Jundt v. Jurassic Resources

2003 ND 9
CourtNorth Dakota Supreme Court
DecidedJanuary 22, 2003
Docket20010313
StatusPublished
Cited by1 cases

This text of 2003 ND 9 (Jundt v. Jurassic Resources) is published on Counsel Stack Legal Research, covering North Dakota Supreme Court primary law. Counsel Stack provides free access to over 12 million legal documents including statutes, case law, regulations, and constitutions.

Bluebook
Jundt v. Jurassic Resources, 2003 ND 9 (N.D. 2003).

Opinion

Filed 1/22/03 by Clerk of Supreme Court

IN THE SUPREME COURT

STATE OF NORTH DAKOTA

2003 ND 9

Curtis D. Jundt, Plaintiff, Appellee

and Cross-Appellant

v.

Jurassic Resources Development,

North America, L.L.C., a North

Dakota limited liability company,

Missouri River Royalty Corp.,

Rainbow Gas Company, Rainbow

Energy Marketing Corp., Defendants, Appellants

and Cross-Appellees

and

Loren R. Kopseng, Defendant

No. 20010313

Appeal from the District Court of Burleigh County, South Central Judicial District, the Honorable Robert O. Wefald, Judge.

AFFIRMED IN PART, REVERSED IN PART, AND REMANDED.

Opinion of the Court by Kapsner, Justice.

Daniel S. Kuntz (argued), Tracy Vigness Kolb (appeared), and James S. Hill (on brief), Zuger, Kirmis & Smith, P.O. Box 1695, Bismarck, N.D. 58502-1695, for plaintiff, appellee and cross-appellant.

Sheldon A. Smith (argued) and Scott K. Porsborg (appeared), Smith Bakke Oppegard Porsborg Wolf, P.O. Box 460, Bismarck, N.D. 58502-0460, for defendants, appellants and cross-appellees.
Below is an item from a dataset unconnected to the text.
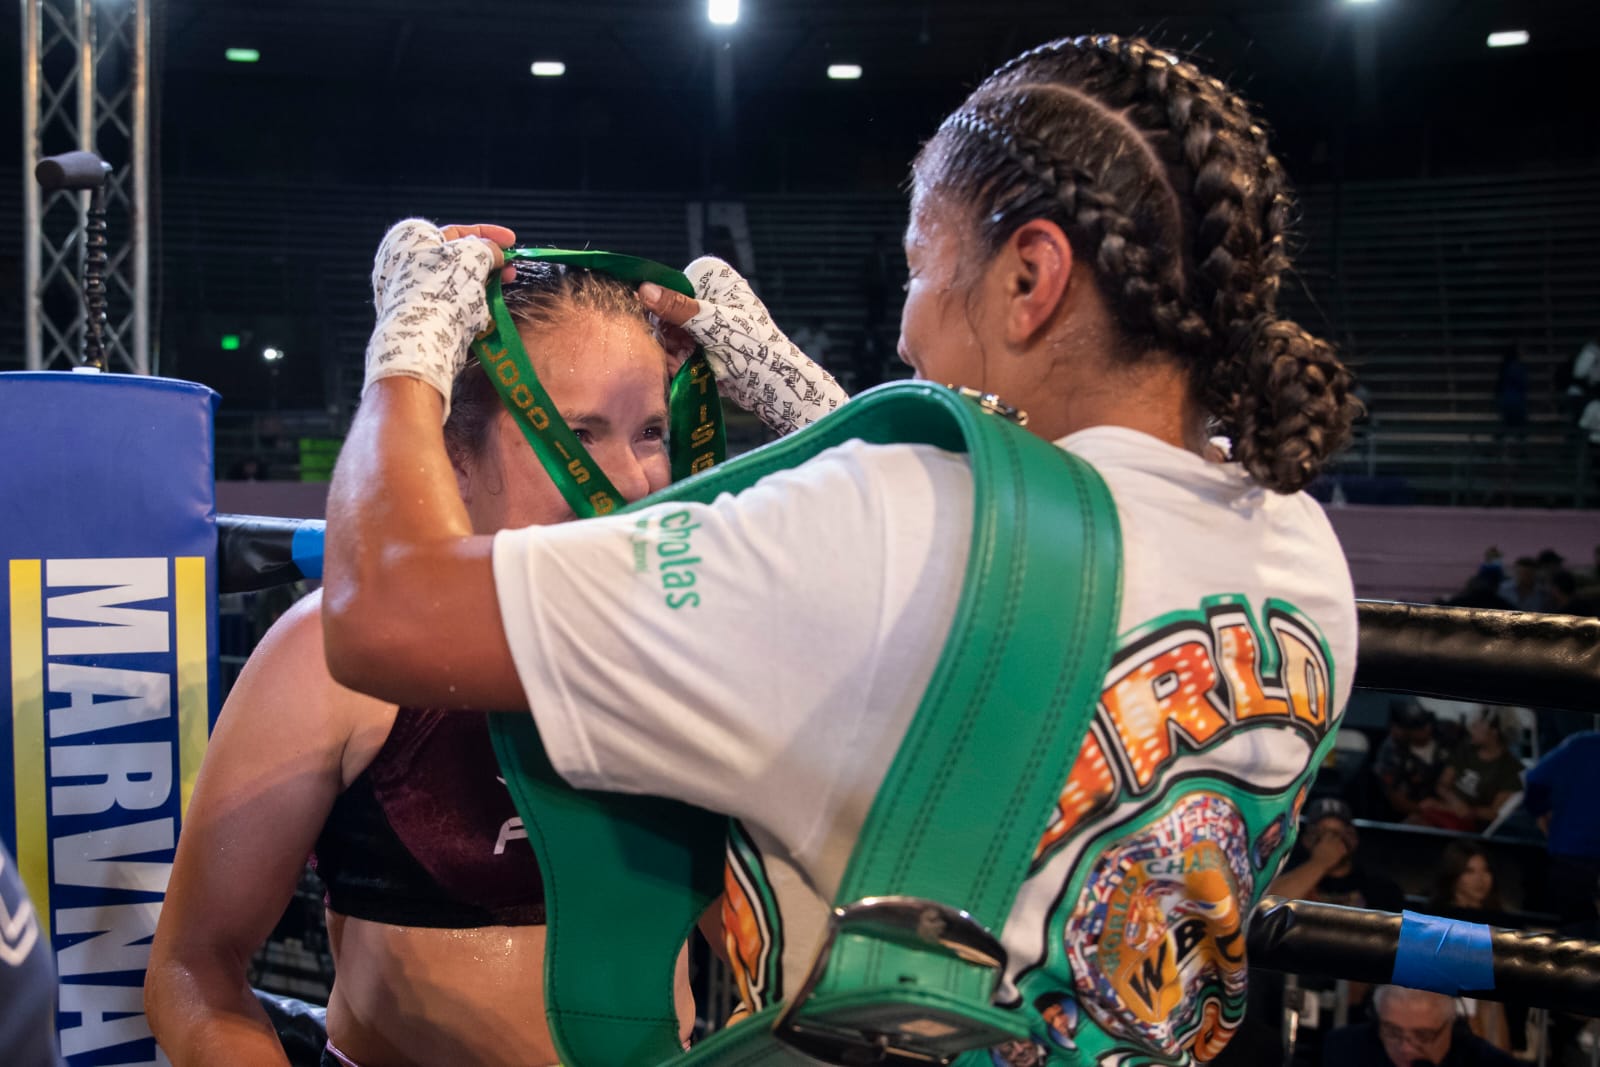 Adelaida Ruiz defeats Nancy Franco De Alba for WBC Silver Title | Boxen247.com (Kristian von Sponneck)

Jundt v. Jurassic Resources

Kapsner, Justice.

[¶1] Jurassic Resources Development, North America, L.L.C., a North Dakota limited liability company (“Jurassic”); Missouri River Royalty Corporation (“Missouri River”); Rainbow Gas Company (“Rainbow Gas”); and Rainbow Energy Marketing Corporation (“Rainbow Energy”) appealed a judgment requiring them to cancel Curtis D. Jundt’s membership interest units in Jurassic and pay him $300,000.  Jundt cross-appealed from the judgment; a December 5, 2000, amended order on summary judgment motions; an October 12, 2000, order on a summary judgment motion; and a December 13, 2001, amended memorandum opinion and unchanged findings of fact, conclusions of law, and order for judgment.  We affirm in part, reverse in part, and remand for further proceedings.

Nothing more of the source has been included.